Supplied data →
• • • •

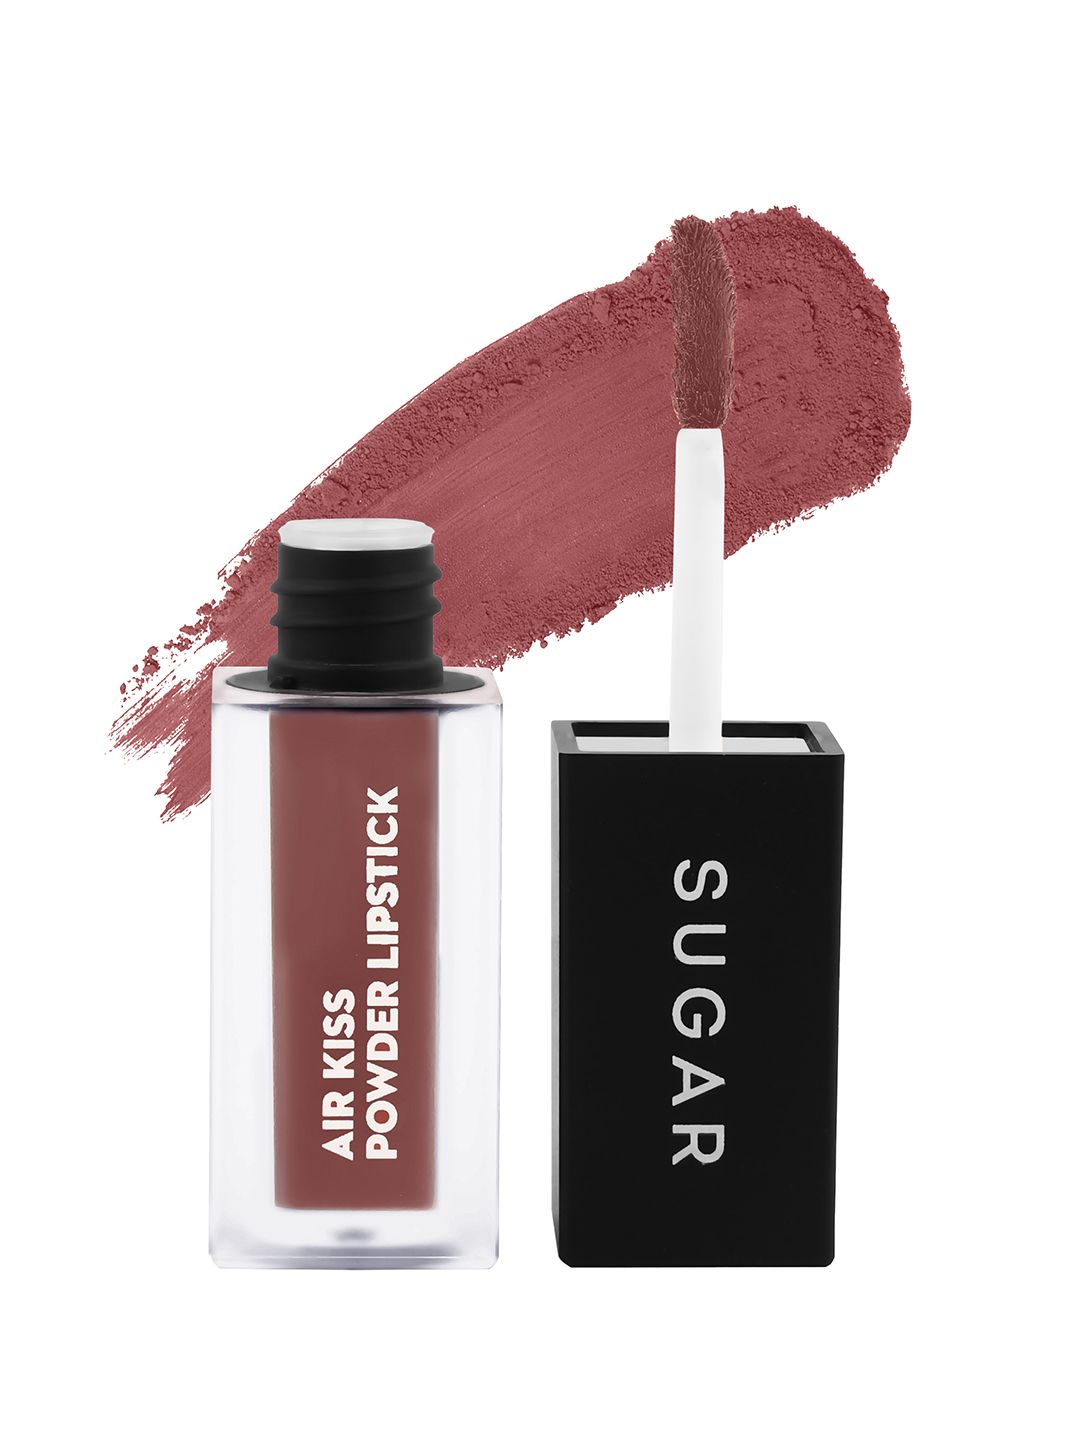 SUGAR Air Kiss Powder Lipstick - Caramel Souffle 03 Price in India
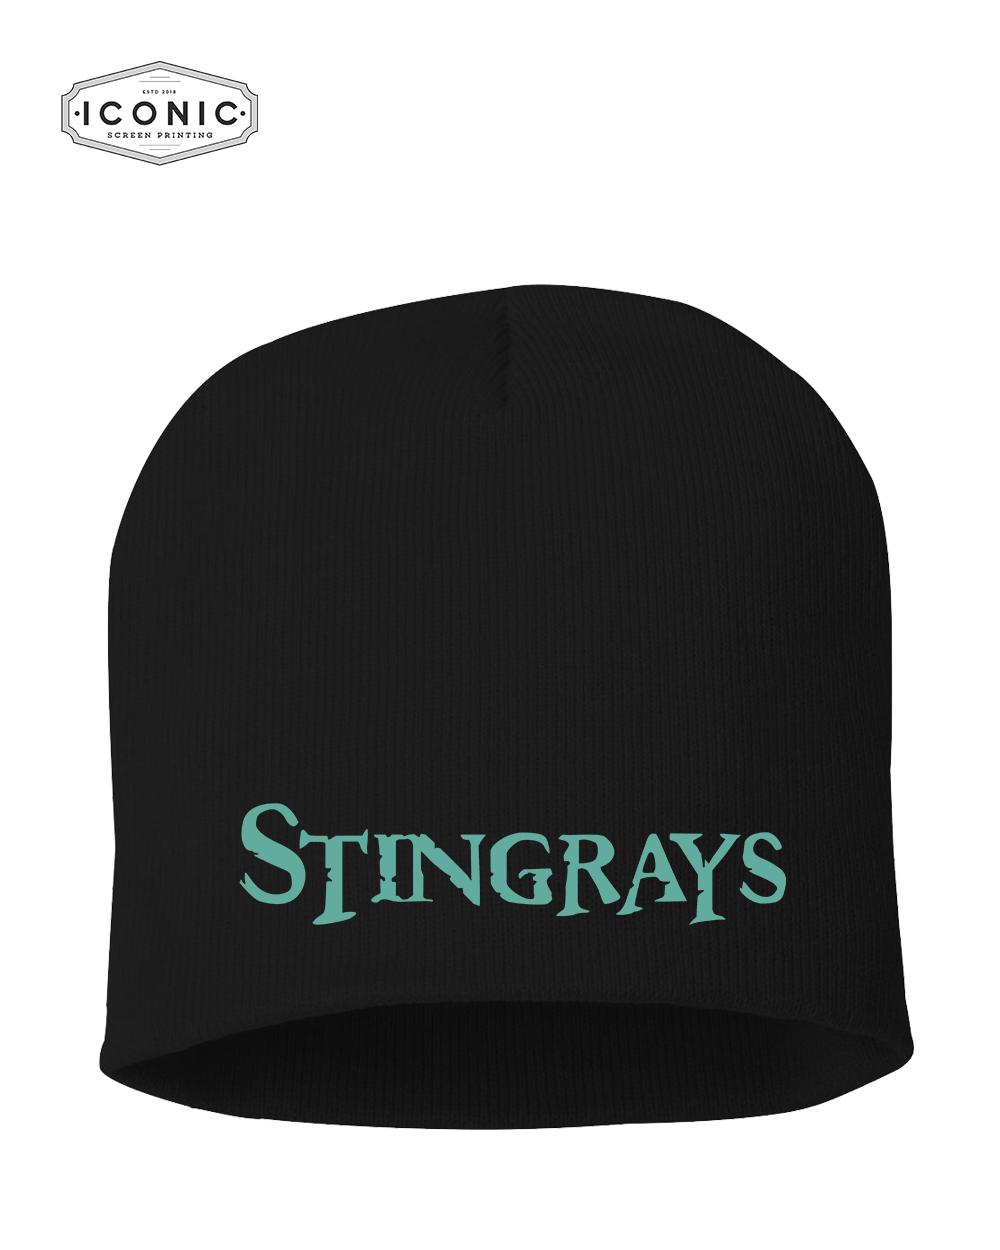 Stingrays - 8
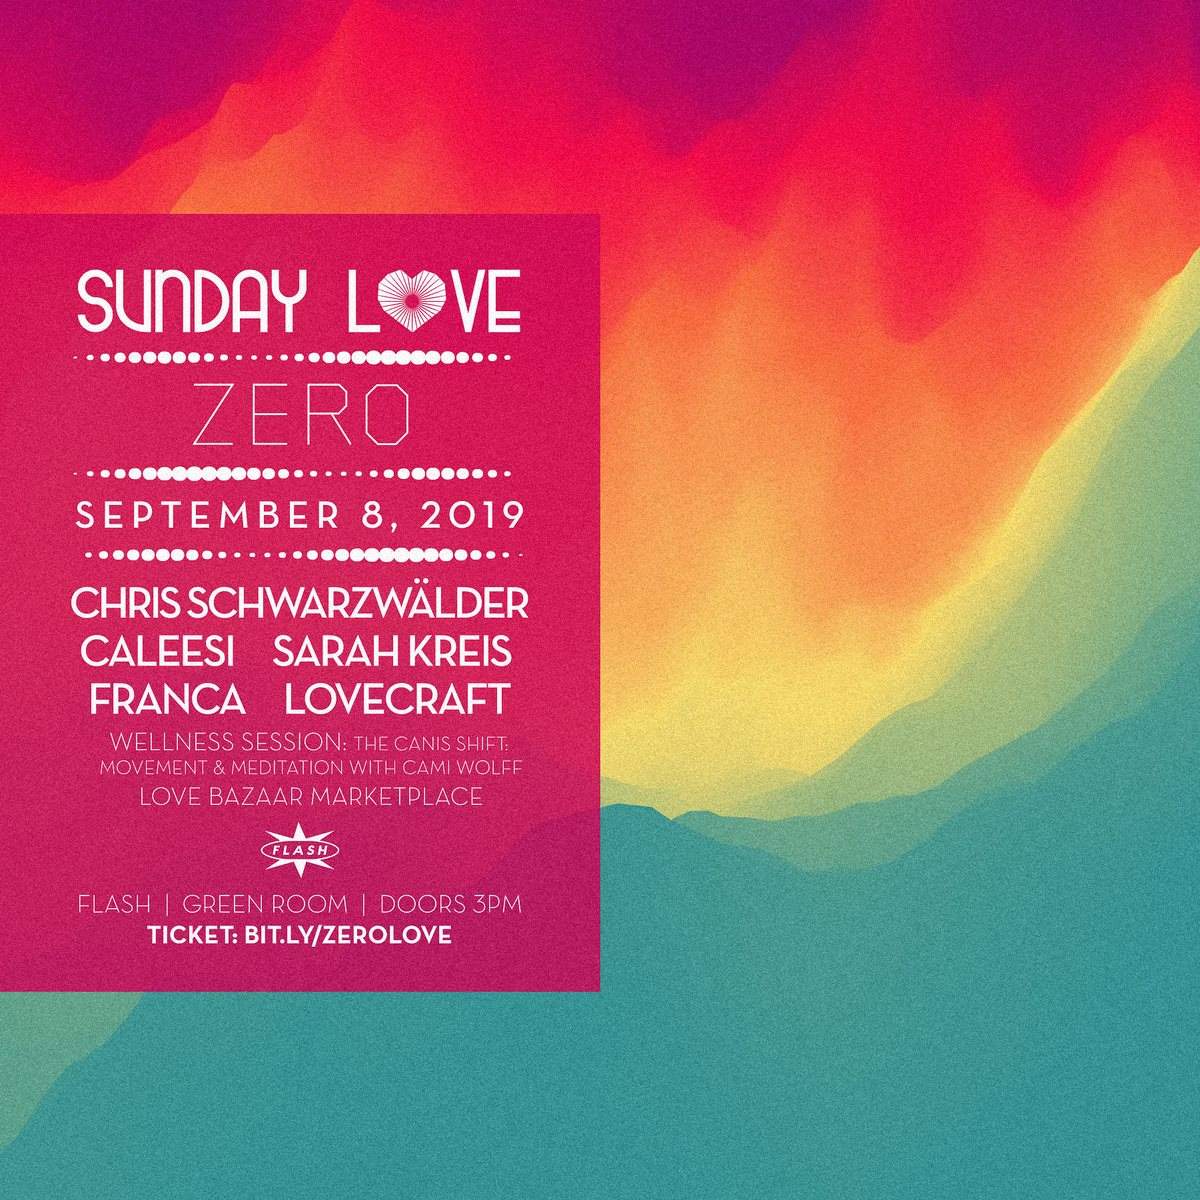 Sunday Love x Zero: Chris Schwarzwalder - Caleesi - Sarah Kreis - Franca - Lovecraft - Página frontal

• • • •

Repeat the listing word for word, omitting the pictures.

Task answer →
 SUGAR Air Kiss Powder Lipstick - Caramel Souffle 03 Price in India
 Stingrays - 8
 Sunday Love x Zero: Chris Schwarzwalder - Caleesi - Sarah Kreis - Franca - Lovecraft - Página frontal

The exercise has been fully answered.